__DATA PROVIDED__:
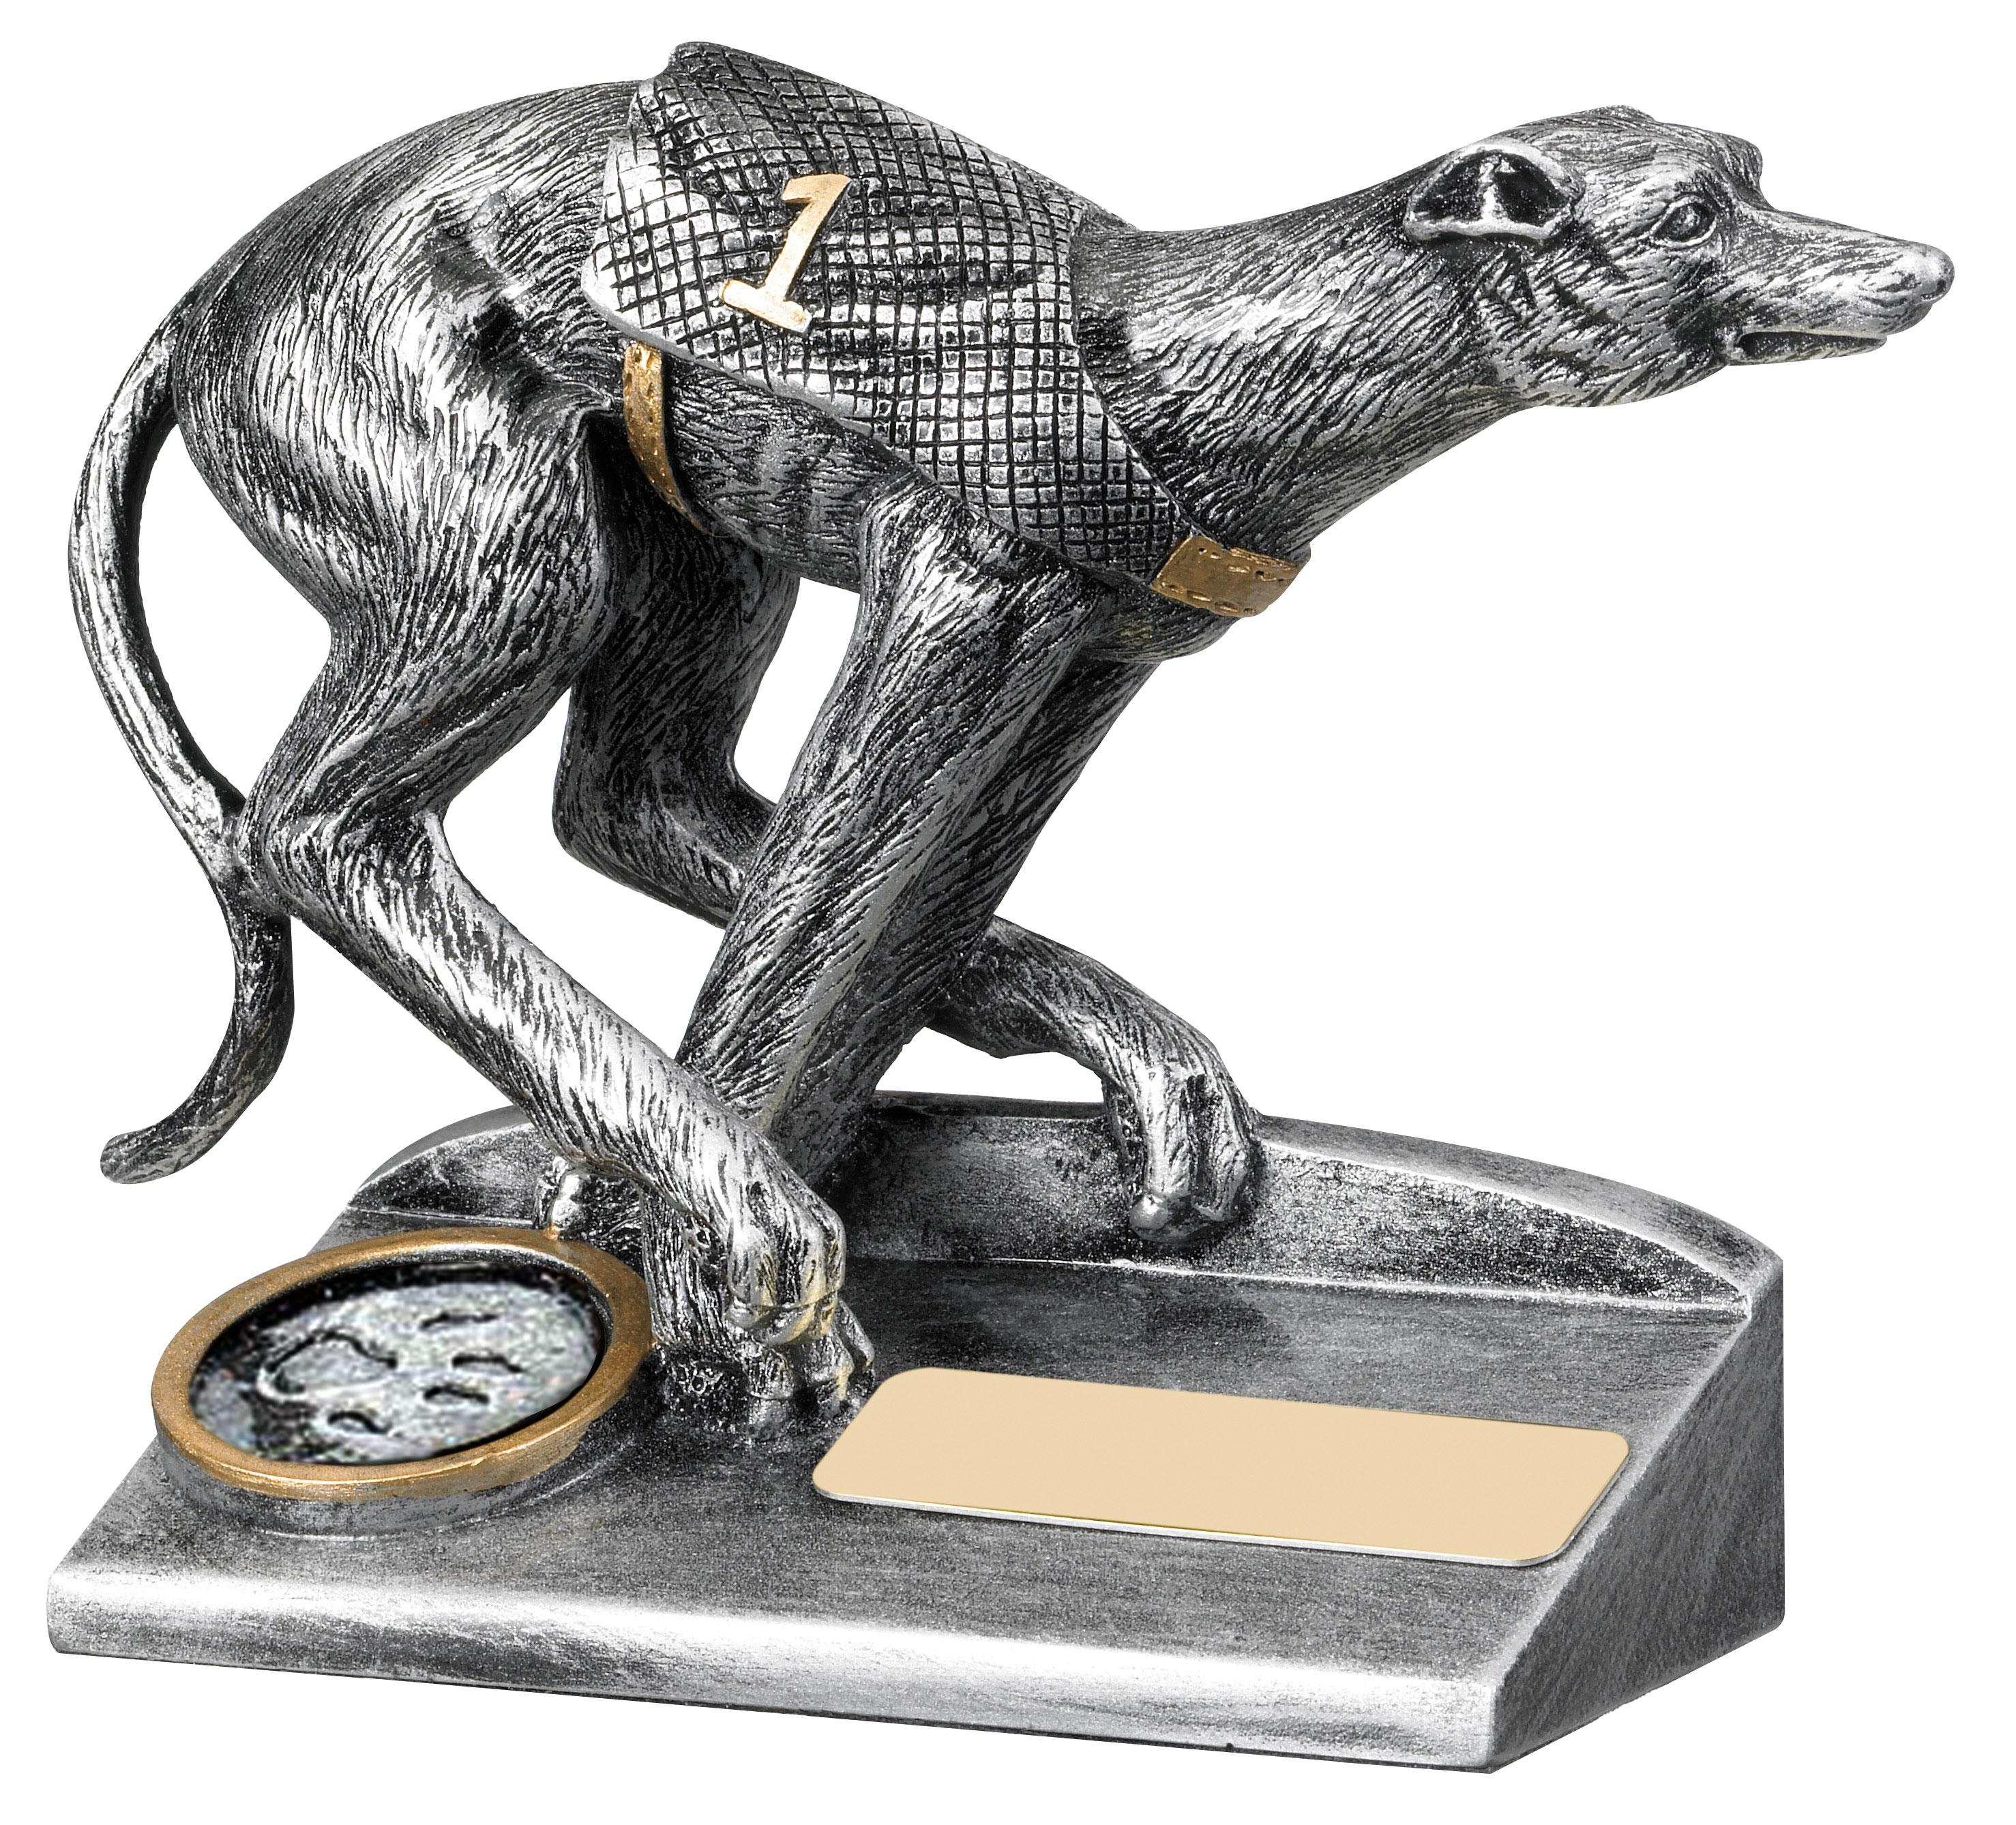 "Antique Silver Greyhound Racing Trophy 10cm (4"")"
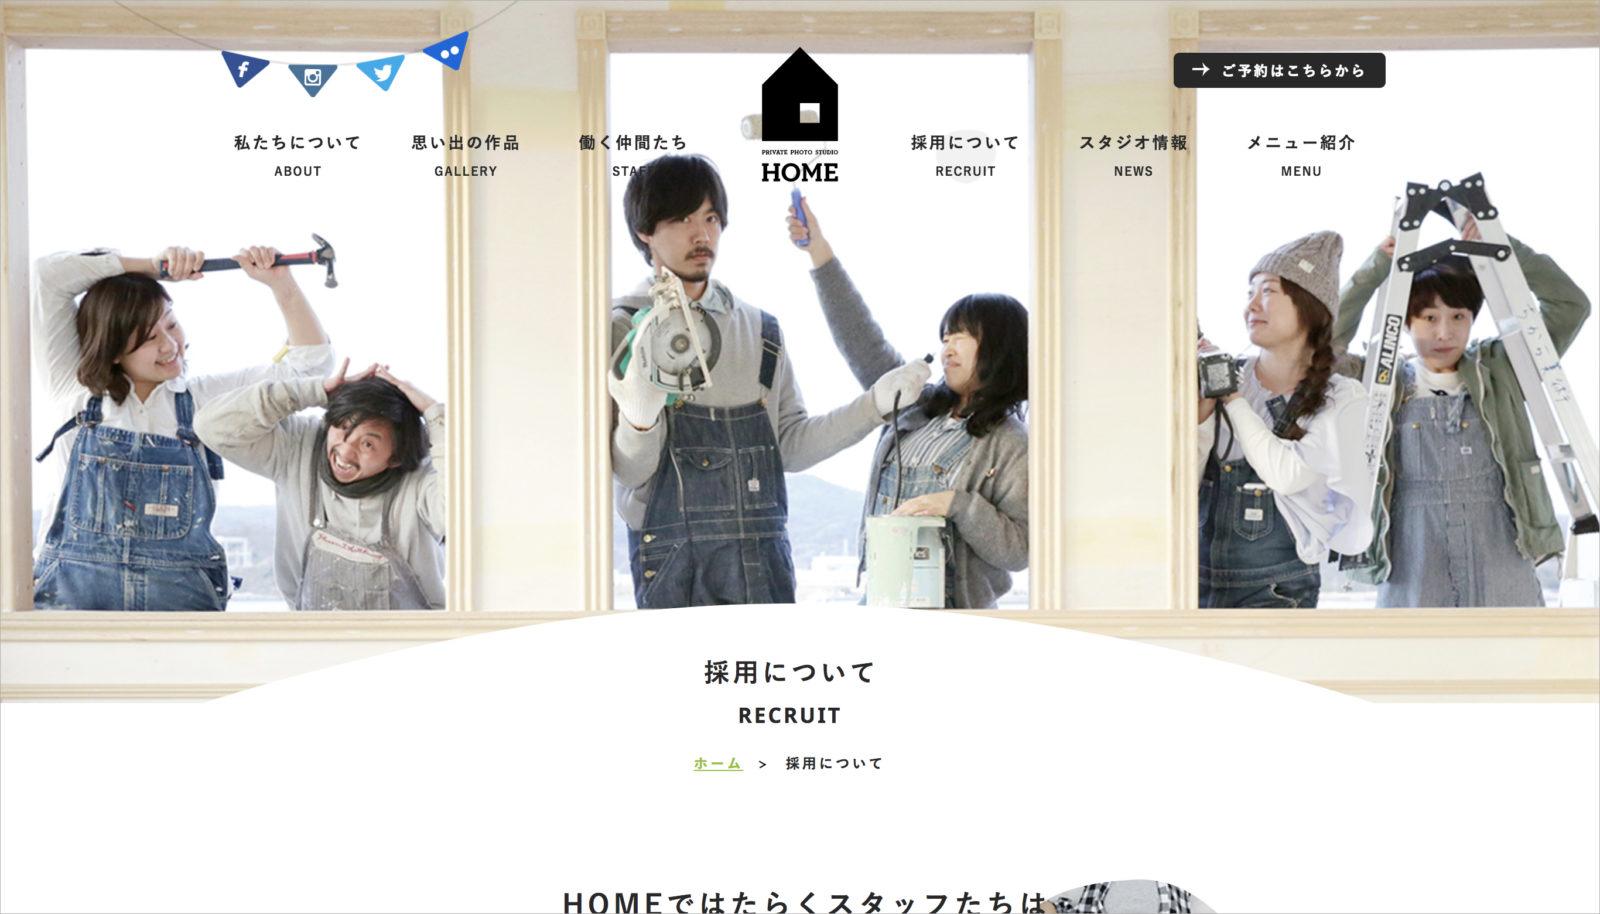 『Private Photo Studio HOME』 / コーポレートサイト制作
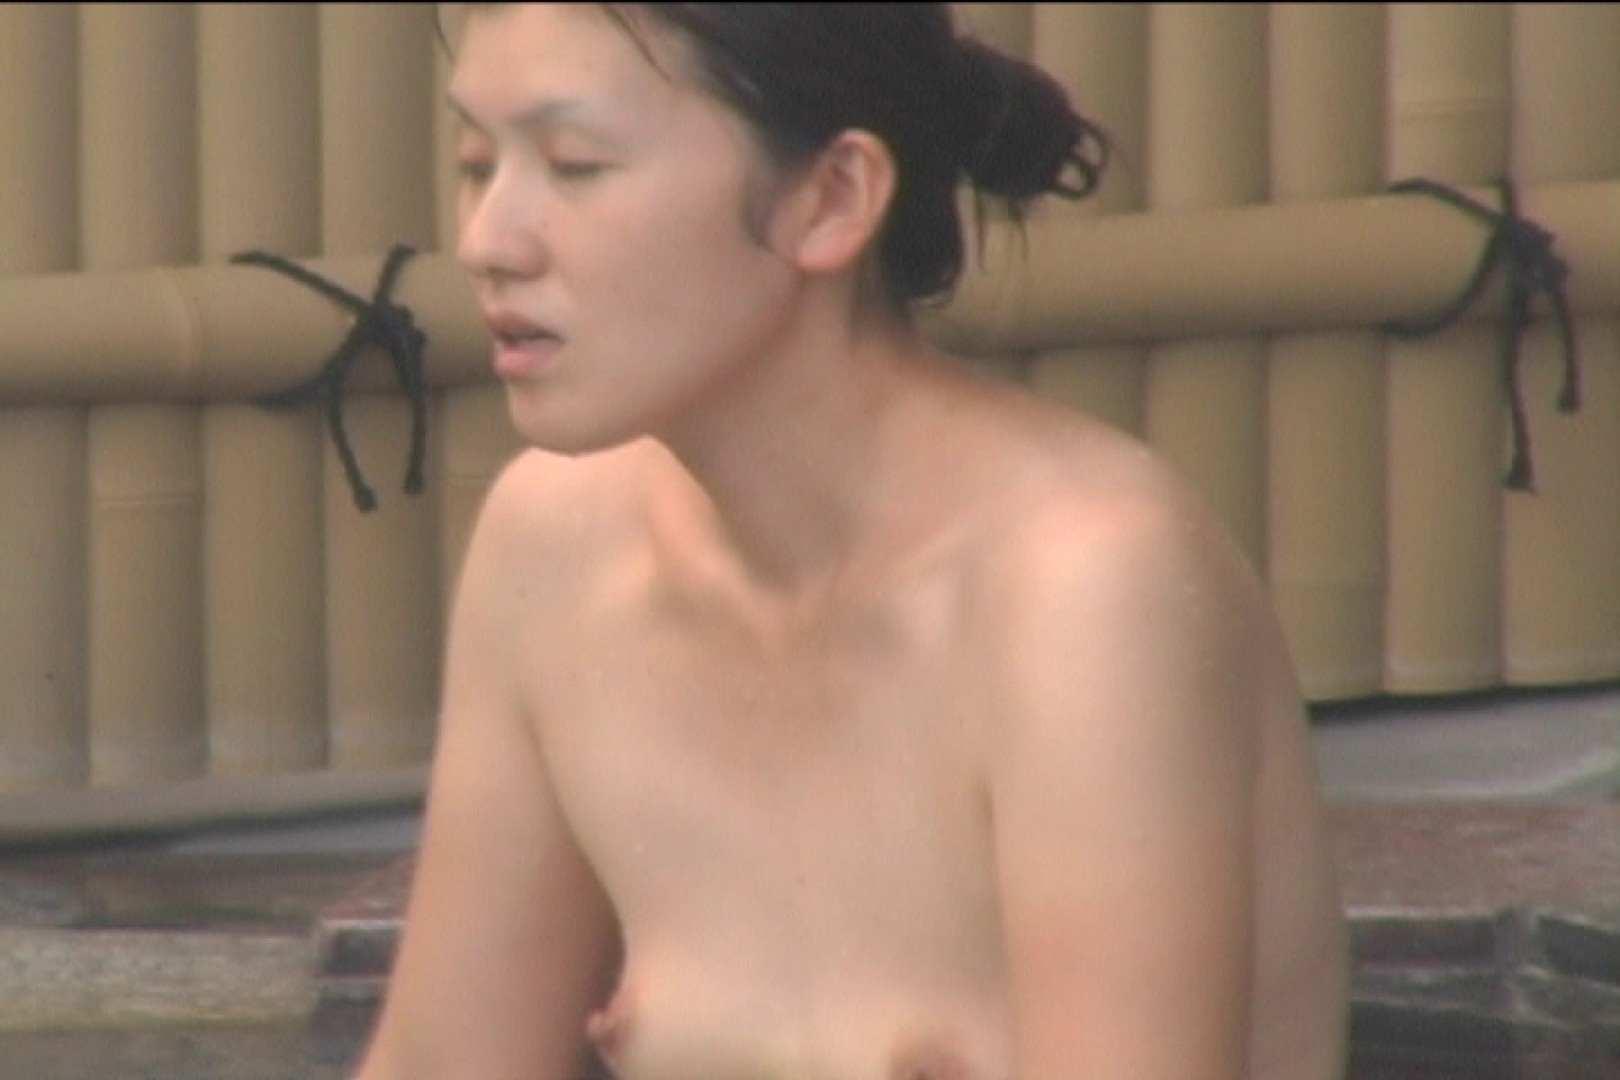 Aquaな露天風呂Vol.532 OLセックス 盗撮ワレメ無修正動画無料 105画像 32

__TRY IT__: Word for word, write out the full listing, leaving the pictures aside.

__TASK RESPONSE__:
 "Antique Silver Greyhound Racing Trophy 10cm (4"")"
 『Private Photo Studio HOME』 / コーポレートサイト制作
 Aquaな露天風呂Vol.532 OLセックス 盗撮ワレメ無修正動画無料 105画像 32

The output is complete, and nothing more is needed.